One of the fun sessions at FOO Camp today was David Hornik's discussion on viral marketing, subtitled "What can we learn from syphilis?" More specifically: What are the characteristics of good viruses in epidemiology?

  • Highly communicable. Of especial note are viruses that prey on conventions, such as the handshake. The convention of the handshake enables one sneeze to infect people all day long.
  • Prey on vulnerabilities. As Hornik says, "Not all orifices are created equal." Those that rip more easily are more vulnerable to blood-borne infection, and so AIDS made its early threat upon the gay community.
  • Align with essential consumption. The bacterial contagion that causes diarrhea comes from fecal matter, and when people don't (or can't) wash well, viral agents spread via food preparation.

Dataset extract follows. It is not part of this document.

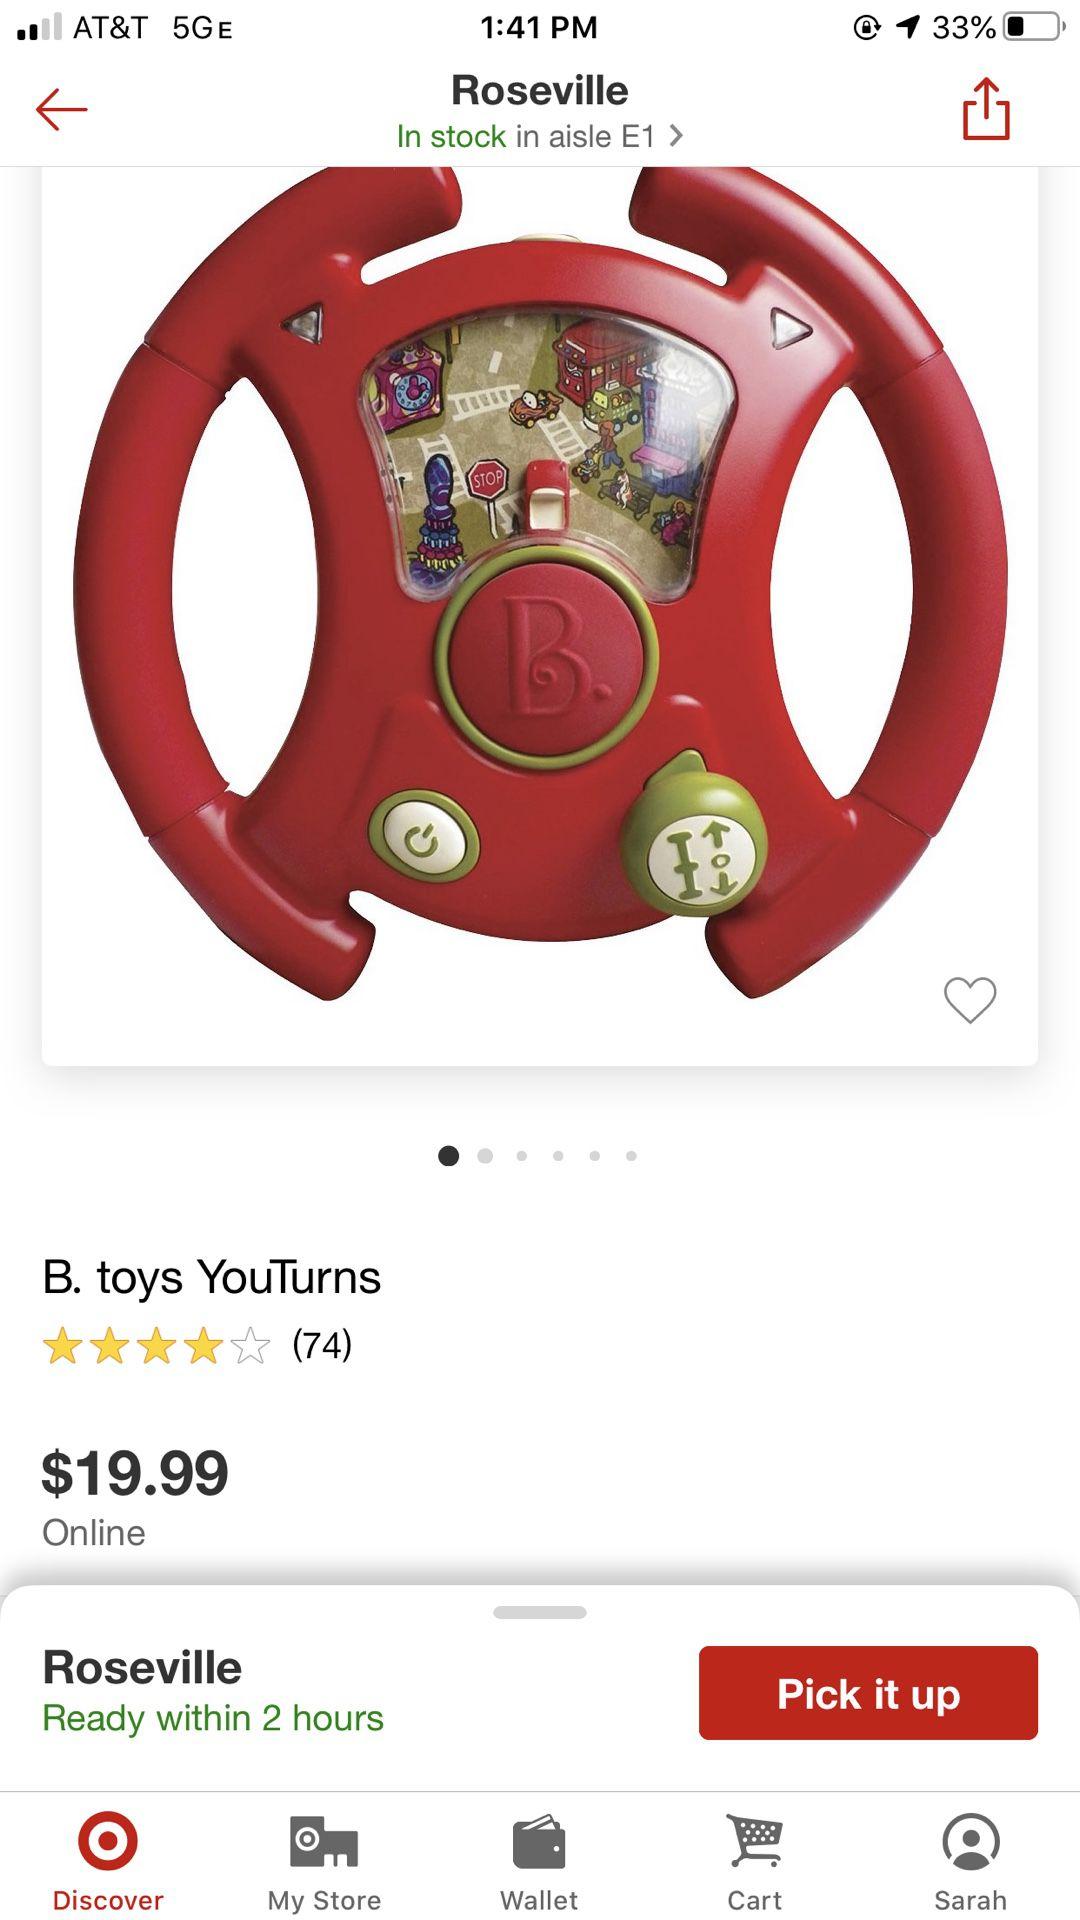 B. Toys YouTurns

  • Super contagions don't need vulnerabilities. Worms don't need to access blood in order to infect you; they simply dig right into your skin and take up residence in your organs.
  • Piggyback onto pleasure. An overwhelming number of viruses are transmmitted sexually, and taking drugs is essentially mainlining viruses.
  • Don't be lethal. Dead or really sick organisms (such as people) are less mobile than others, so if you kill the host, you can't propagate.
  • Be asymptomatic. The "good" viruses are silent but deadly, and since you don't know that you have one you will go around spreading it. Herpes is a more benign example and often lies dormant. Syphilis is a dangerous example, gaining the strength to kill you during its dormancy.
  • Efficient distribution. Viruses need people; to spread effectively, they go to where the people are. Enclosed spaces such as hotel conference rooms and airplanes are wonderfully efficient in spreading Legionnaire's disase.
  • Inject into carrier genes. Viruses mutate the rest of your cells; they blend in with your own DNA, and it's hard to separate out the good from the bad.

Viral marketing delivers benefits from multiple views - the control of marketing, combined with the free/low cost of PR. Spreading a virus is superior to spreading the word, as the virus attaches the experience to the message, as versus simply spreading the idea. Adopting viral characteristics in a marketing effort - or even better, in product design - will help to drive exposure without driving costs.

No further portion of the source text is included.